Data below:
BEGIN

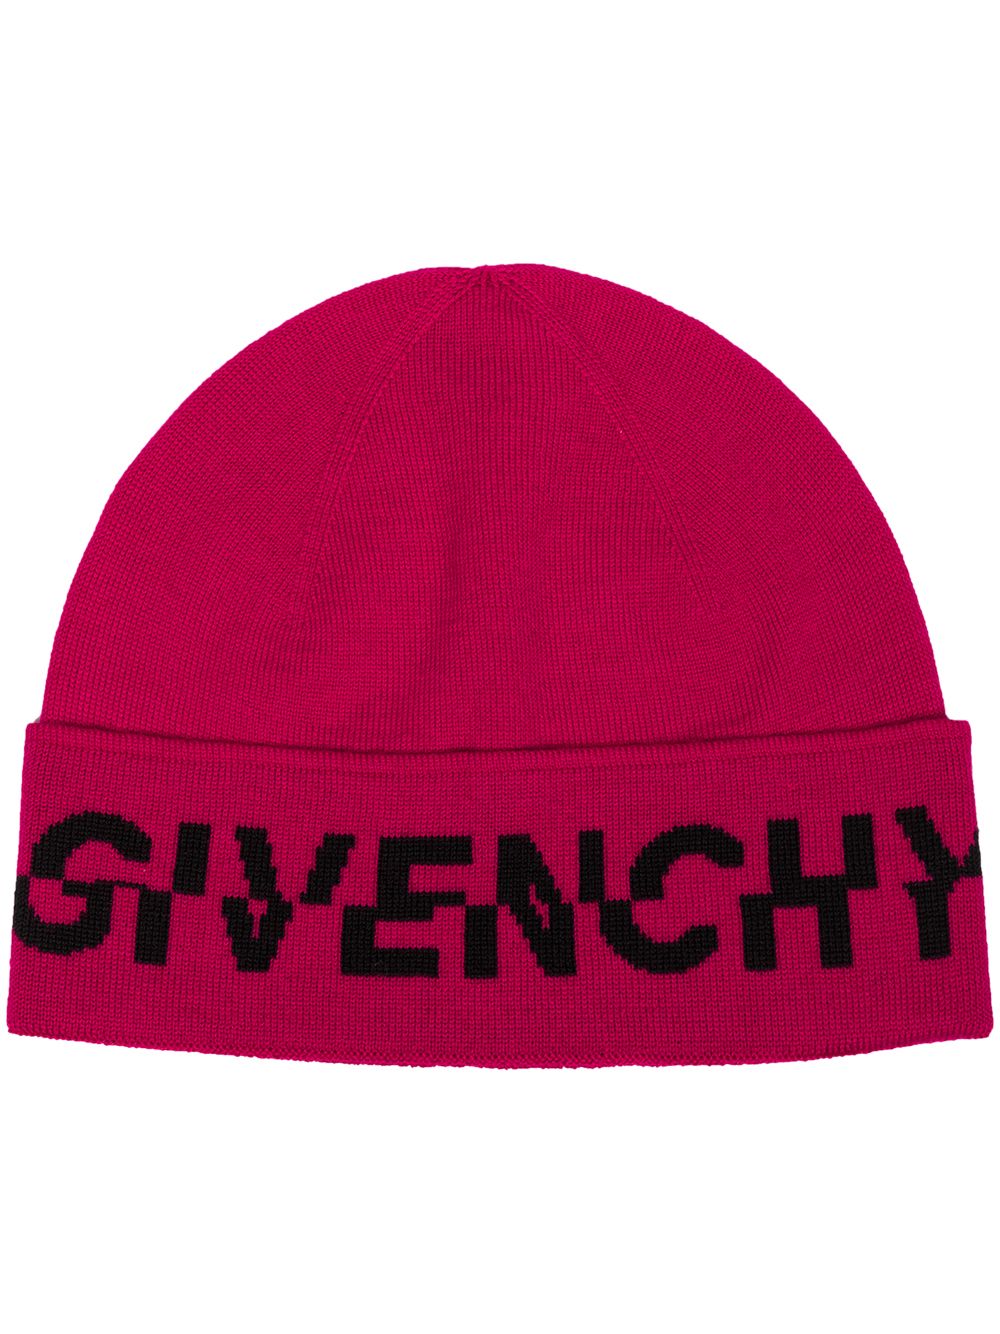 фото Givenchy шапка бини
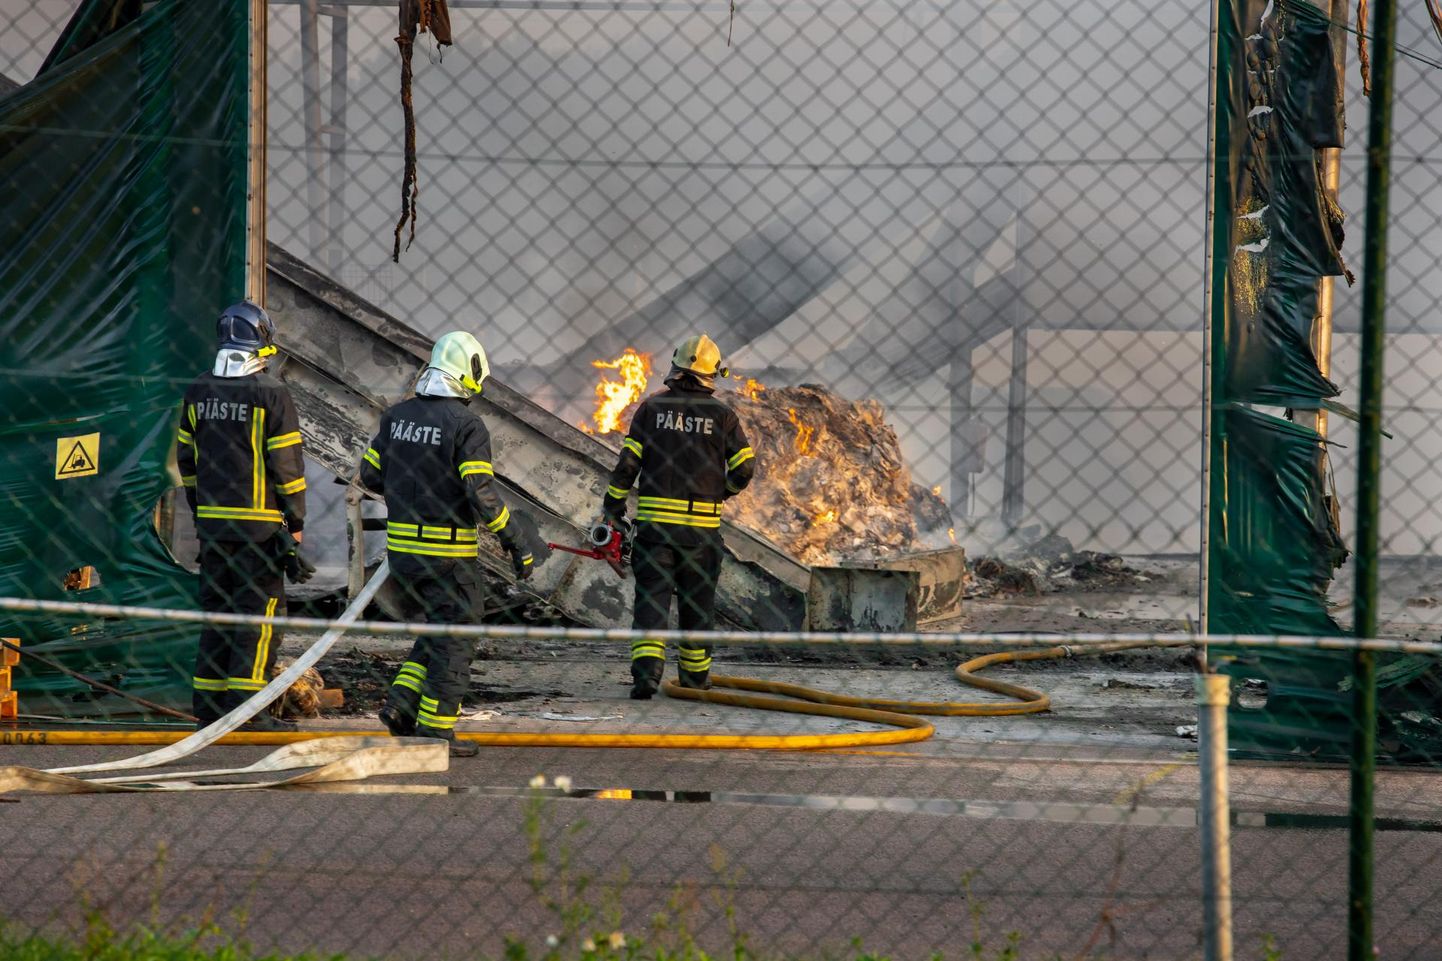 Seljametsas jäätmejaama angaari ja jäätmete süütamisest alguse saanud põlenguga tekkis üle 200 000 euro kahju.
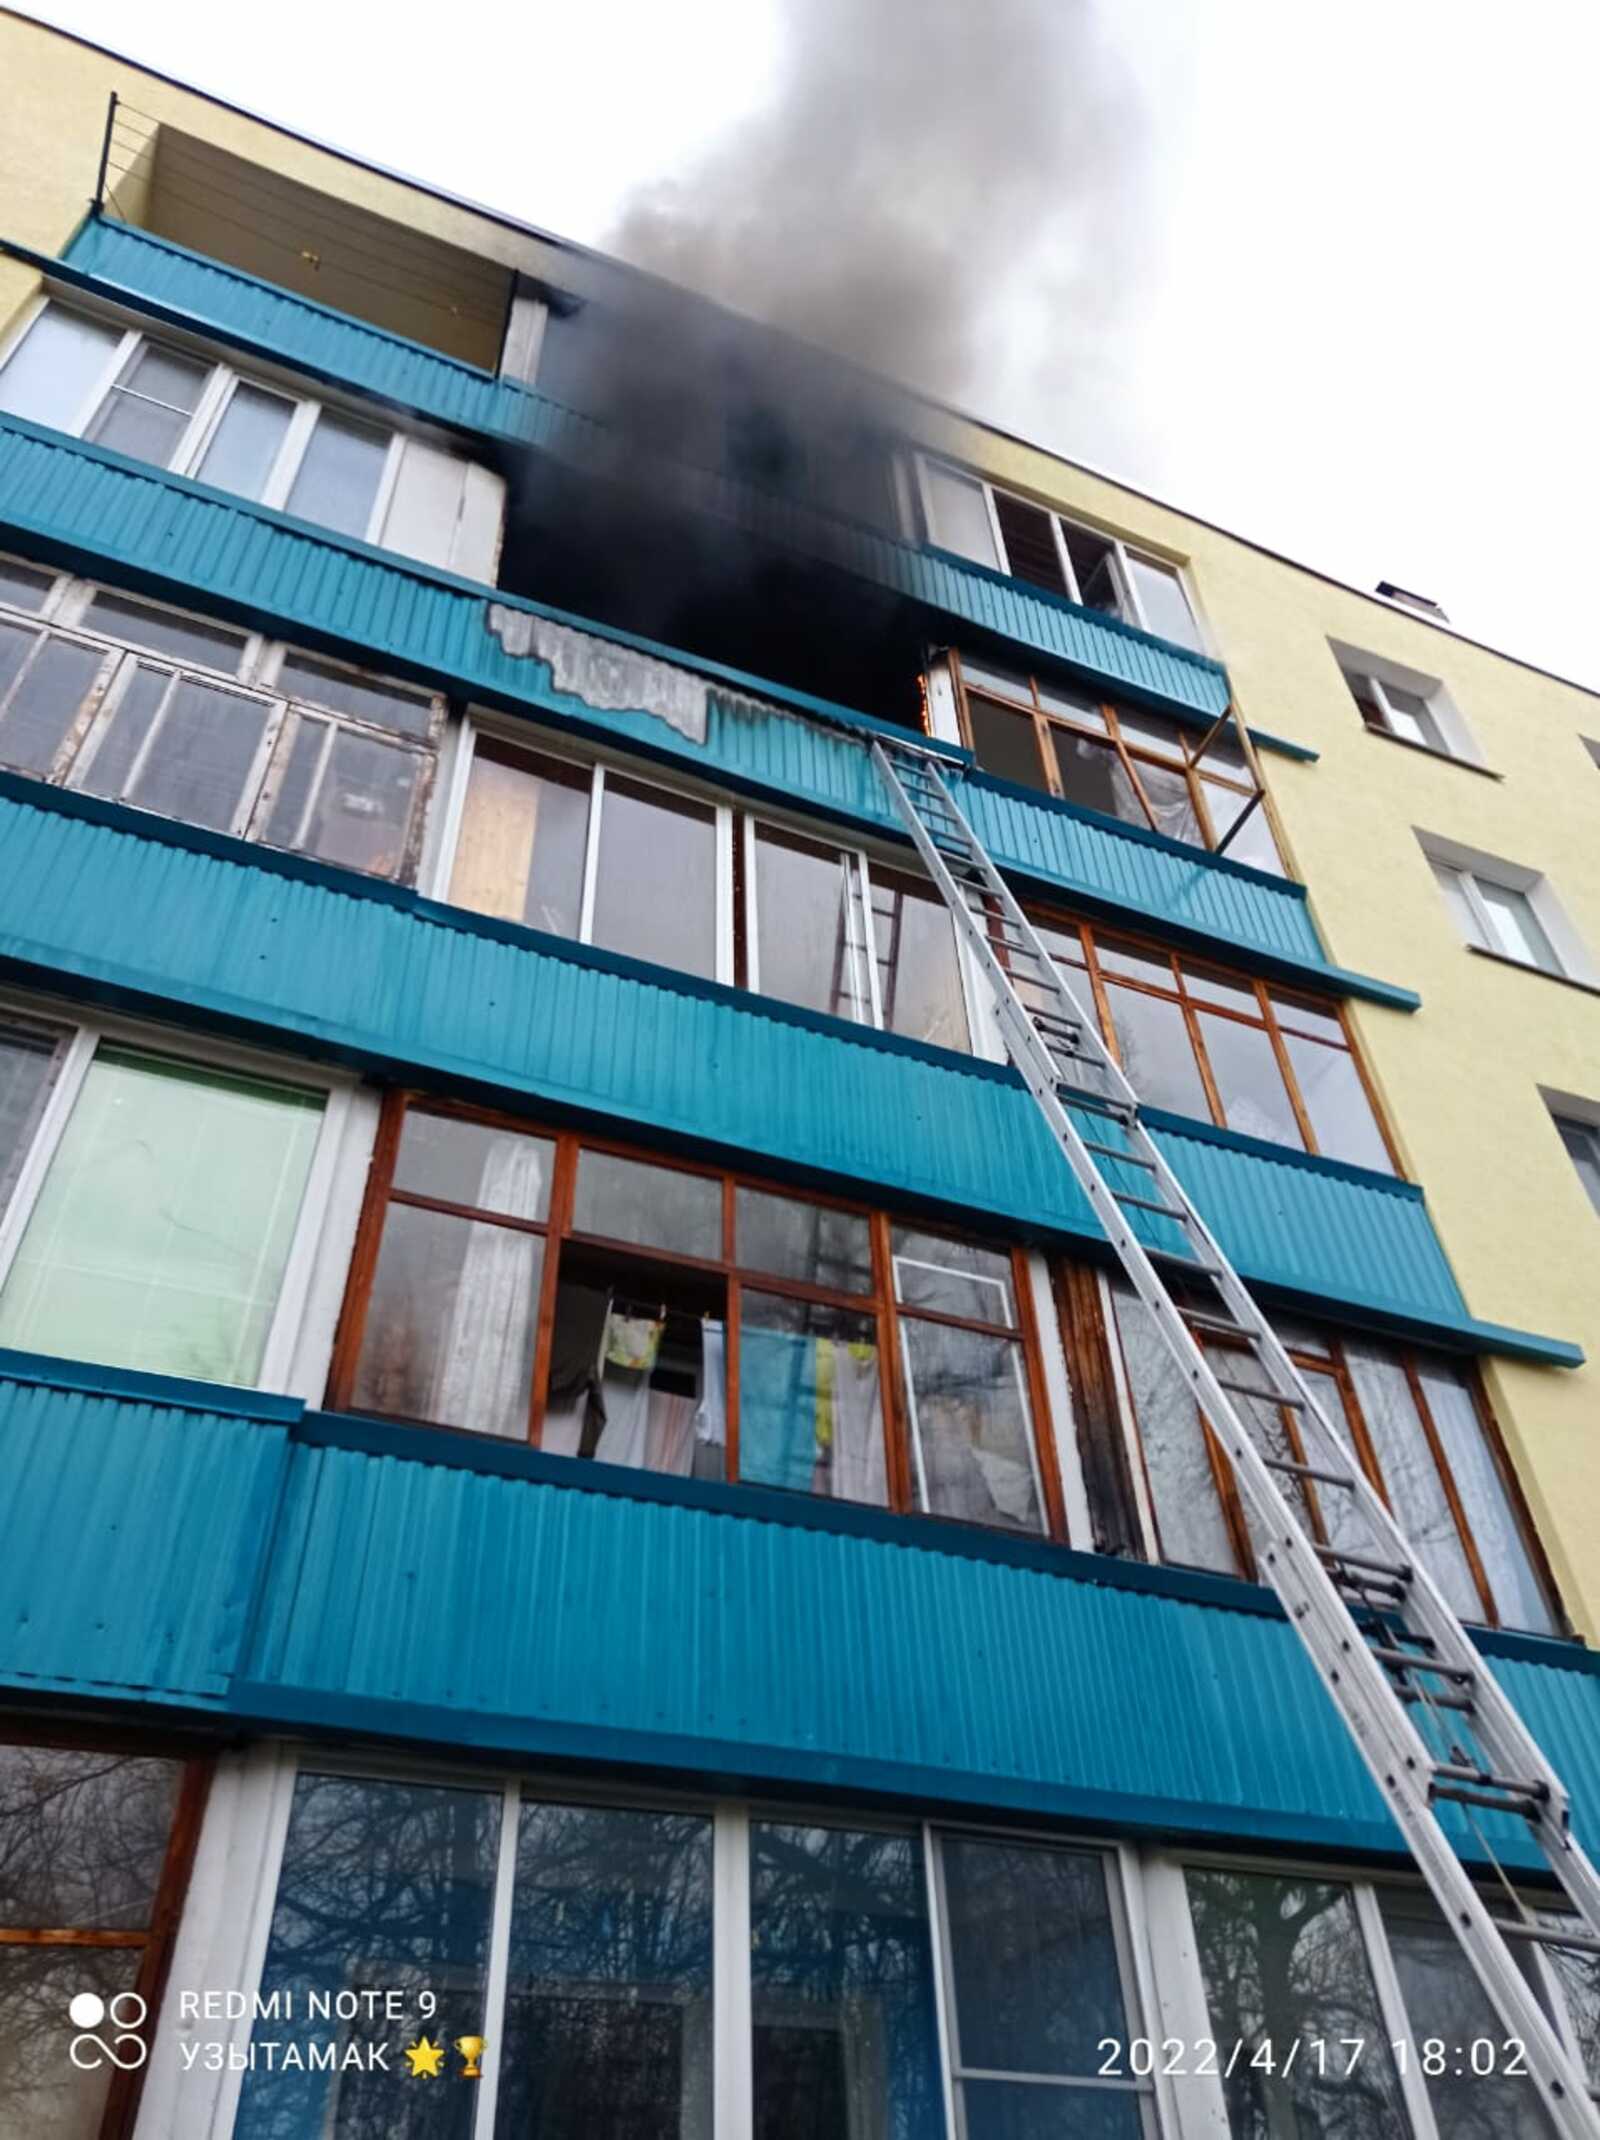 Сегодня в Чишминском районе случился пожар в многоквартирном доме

END

Task brief: Starting with the line that holds "Seljametsas jäätmejaama angaari", repeat exactly every line through the end of the material above, both ends included, without the pictures.

Completed exercise:
 Seljametsas jäätmejaama angaari ja jäätmete süütamisest alguse saanud põlenguga tekkis üle 200 000 euro kahju.
 Сегодня в Чишминском районе случился пожар в многоквартирном доме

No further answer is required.